There can be many reasons why any verification methodology (simulation or formal) can give rise to false negatives or false positives, undermining the confidence built by the verification process. False negatives are typically less worrisome because they are accompanied by a failure report or a counterexample that can be analyzed to determine if the root cause is a design bug. False positives in formal verification are important to eliminate, and often debugging the root cause of such false positives can be very tedious.
This topic assumes an even higher importance since formal verification is a newer methodology, and the reasons for false positives are different than in simulation. One of the main reasons for false positives is presence of over- constraints, often resulting in constraints that unexpectedly conflict with each other. The focus of this article is to make it easier to debug such false positives.
The first place to start is to identify the presence of false positives. Some symptoms of false positives are:
- A user-written cover property fails unexpectedly
- A tool-generated cover on a sub-formula of a user- written assert fails (typically reported as a vacuous proof by a formal tool)
- The proof time for an assert is much faster than expected!
- Dead-ends are reported by either the simulation or the formal tool
For the remainder of this article, we will assume that the formal user is adept at identifying such symptoms and reducing them to a failing cover on the design, although this process in itself can be non-trivial.
Debugging the root cause of a failing cover can be a hard problem, especially in formal testbenches that consist of hundreds or thousands of constraints.
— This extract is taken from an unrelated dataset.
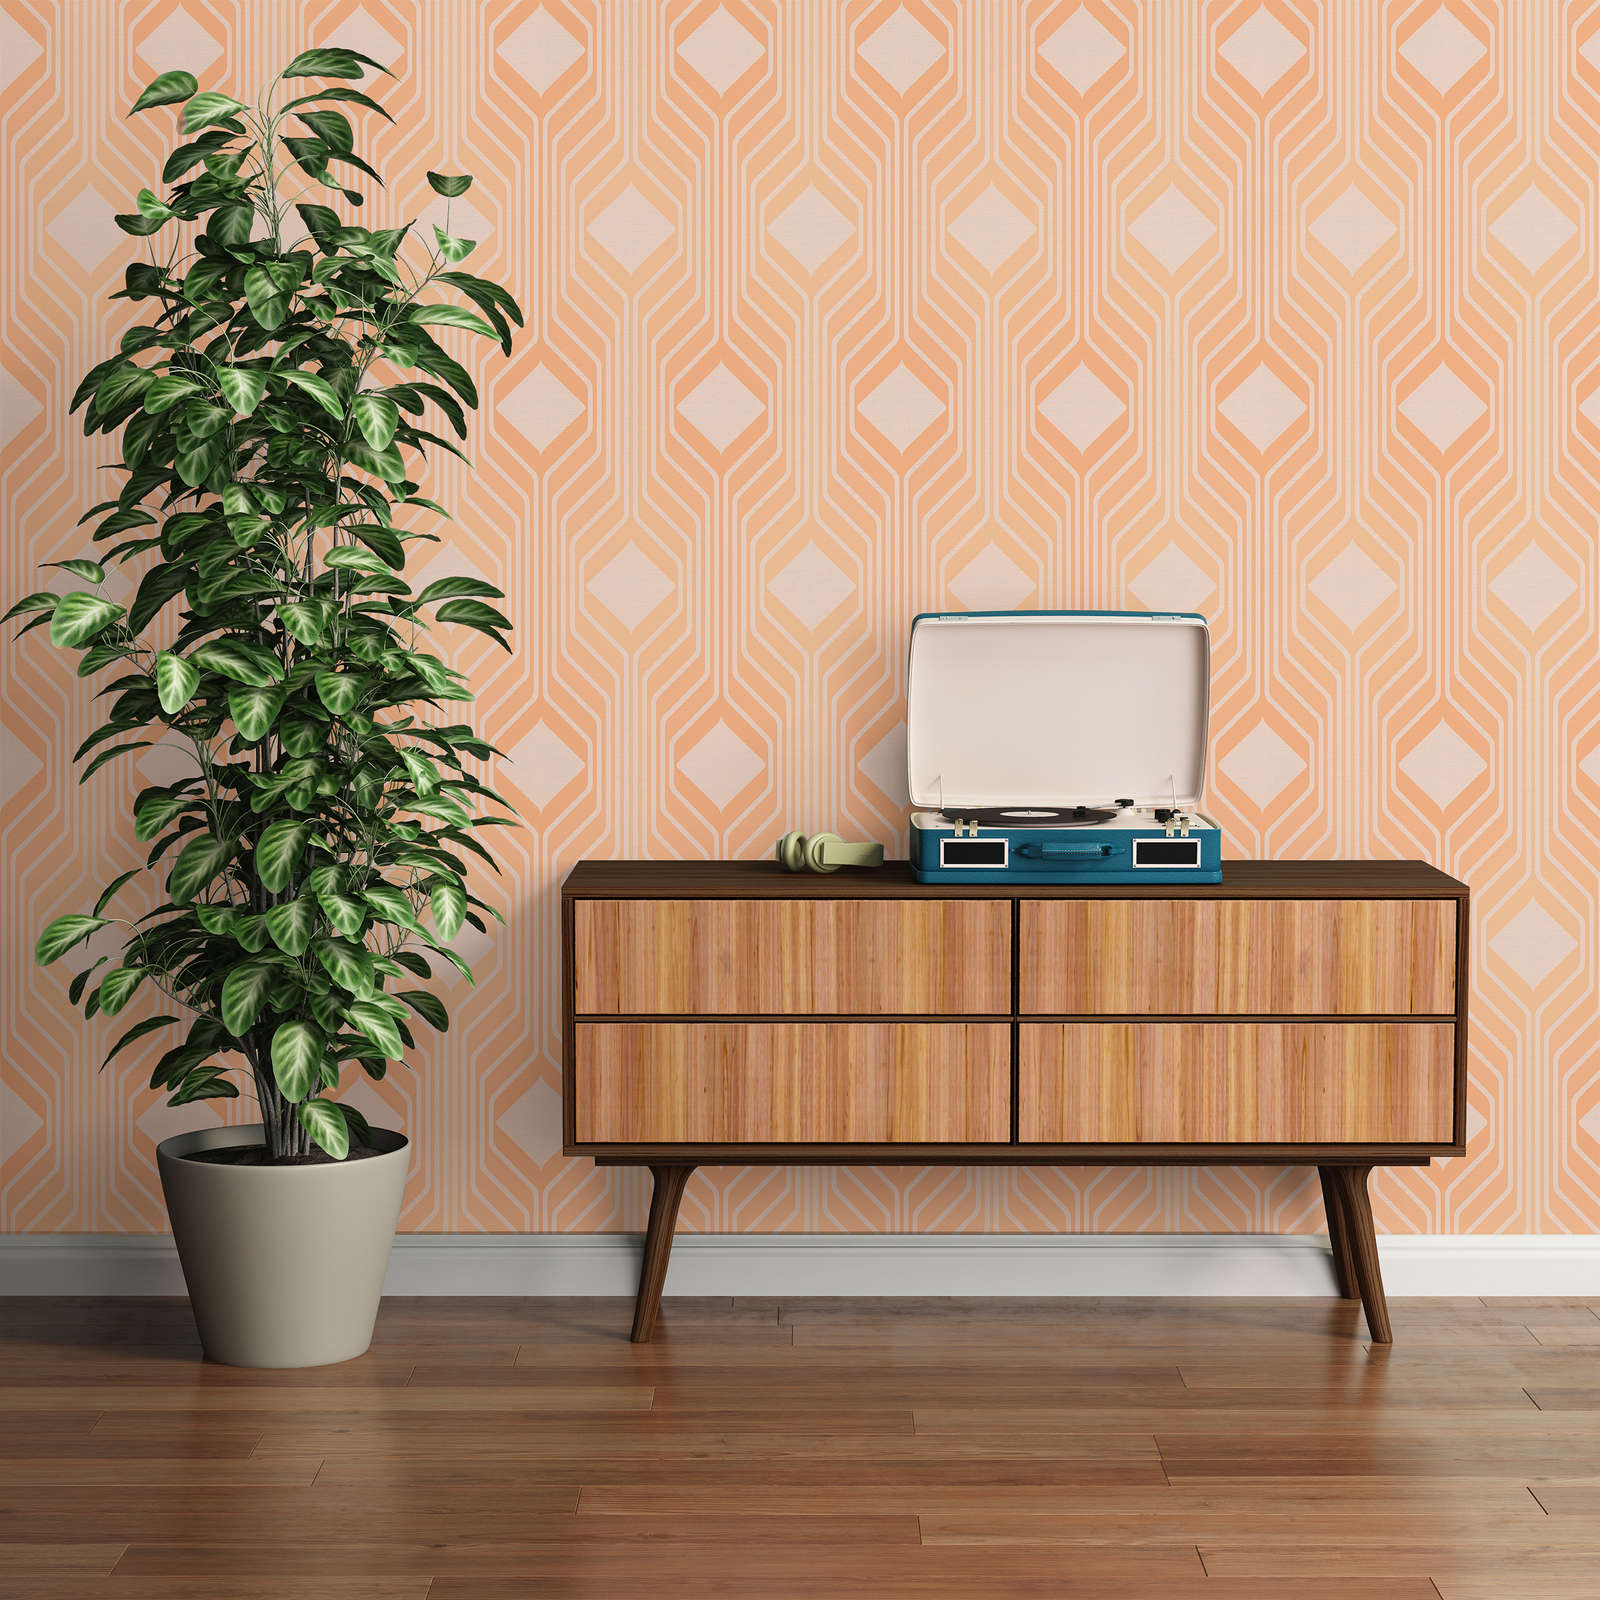             Retro wallpaper with diamond pattern in warm colours - orange, beige
        
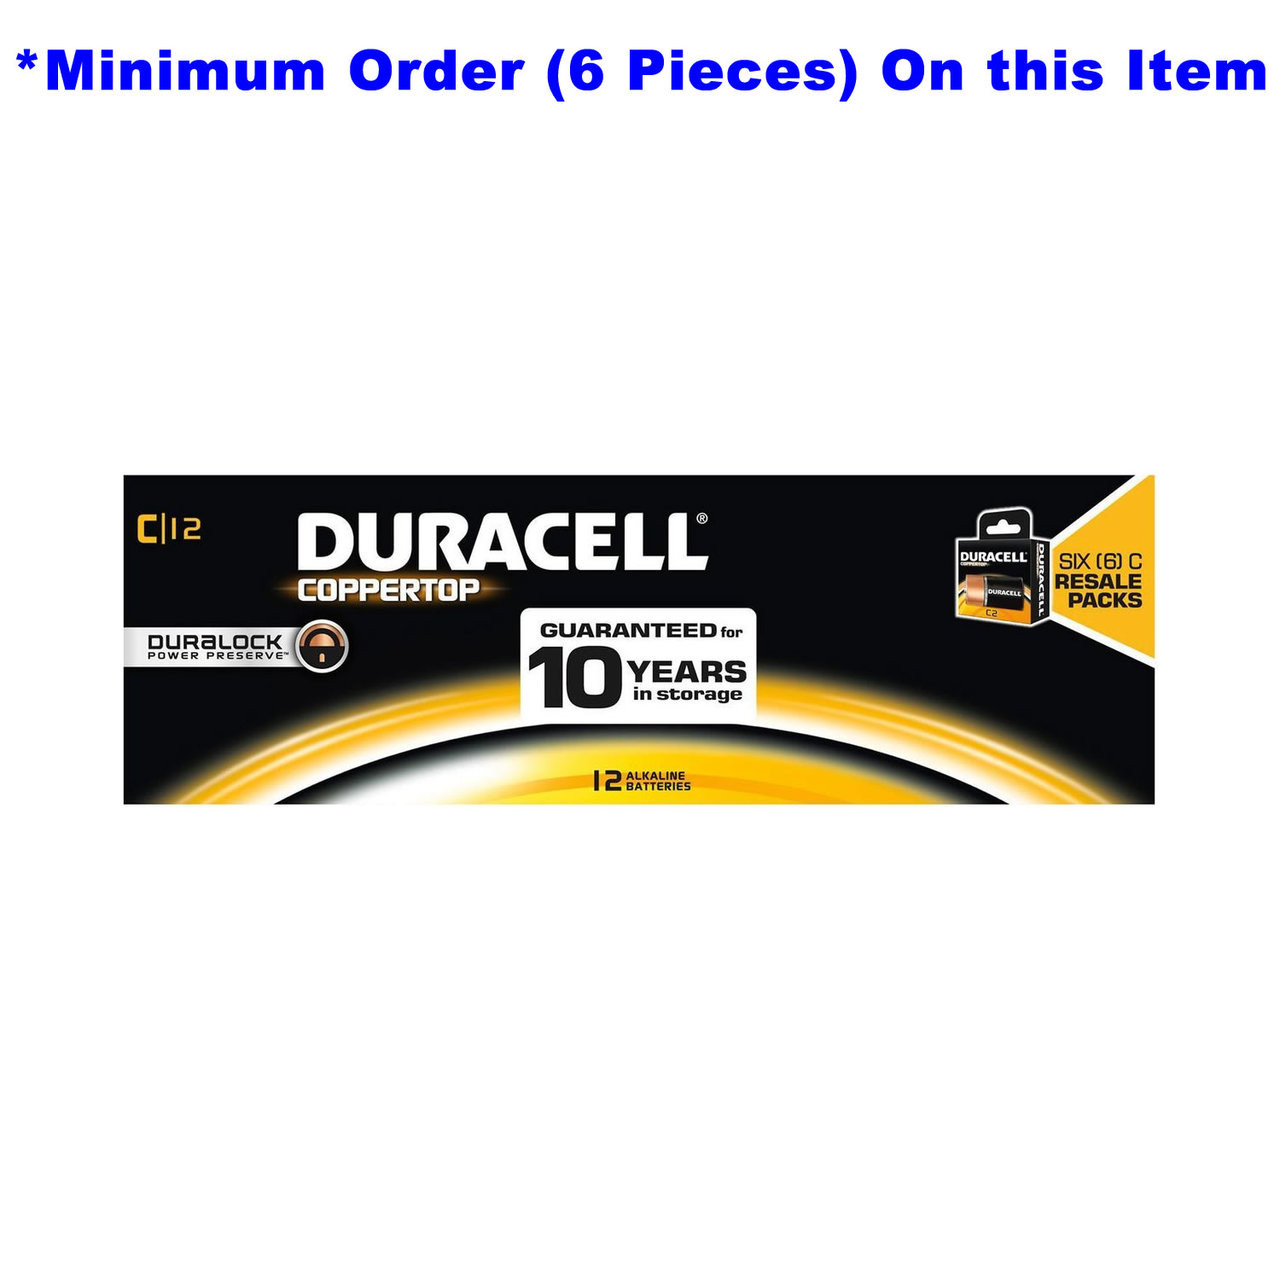 Duracell Coppertop C Batteries - Alkaline Resale 12 Pack - MN1400

In all situations we have ran into, such a cover also fails in the presence of a small subset of these constraints, typically between 2 to 5. Once such a subset has been identified, we have usually been able to relate this subset to an unintentional mistake made by the formal engineer. In this article, we describe a method to minimize the number of model checking runs to identify a minimal failing subset (MFS) of constraints. We have run into the problem of debugging vacuous proofs often, and most formal tools do not provide this solution automatically. Therefore it is important that formal users know how to solve the problem manually with minimum effort.
To solve the problem, we find the MFS by running the model checking tool multiple times, after modifying a set of asserts, covers or constraints. We will call each such run a step, with the goal of trying to minimize the number of steps. Assuming that the initial failing cover does not incur a large run-time, likely each or most of such steps finish fast too. Nevertheless, since each step requires some human time, we would like to avoid hundreds or thousands of runs, if the number of constraints n is large, i.e. a solution that takes O(n) steps is an unacceptable solution to our problem.
2. DATA PATH CONTROL DESIGN
To show an application of this problem, we show a simplified version of a real verification example. Consider a design (Fig. 1, shown below) consisting of two source ports A and B, and a single destination port. Note that the interfaces for the A and B are different from each other.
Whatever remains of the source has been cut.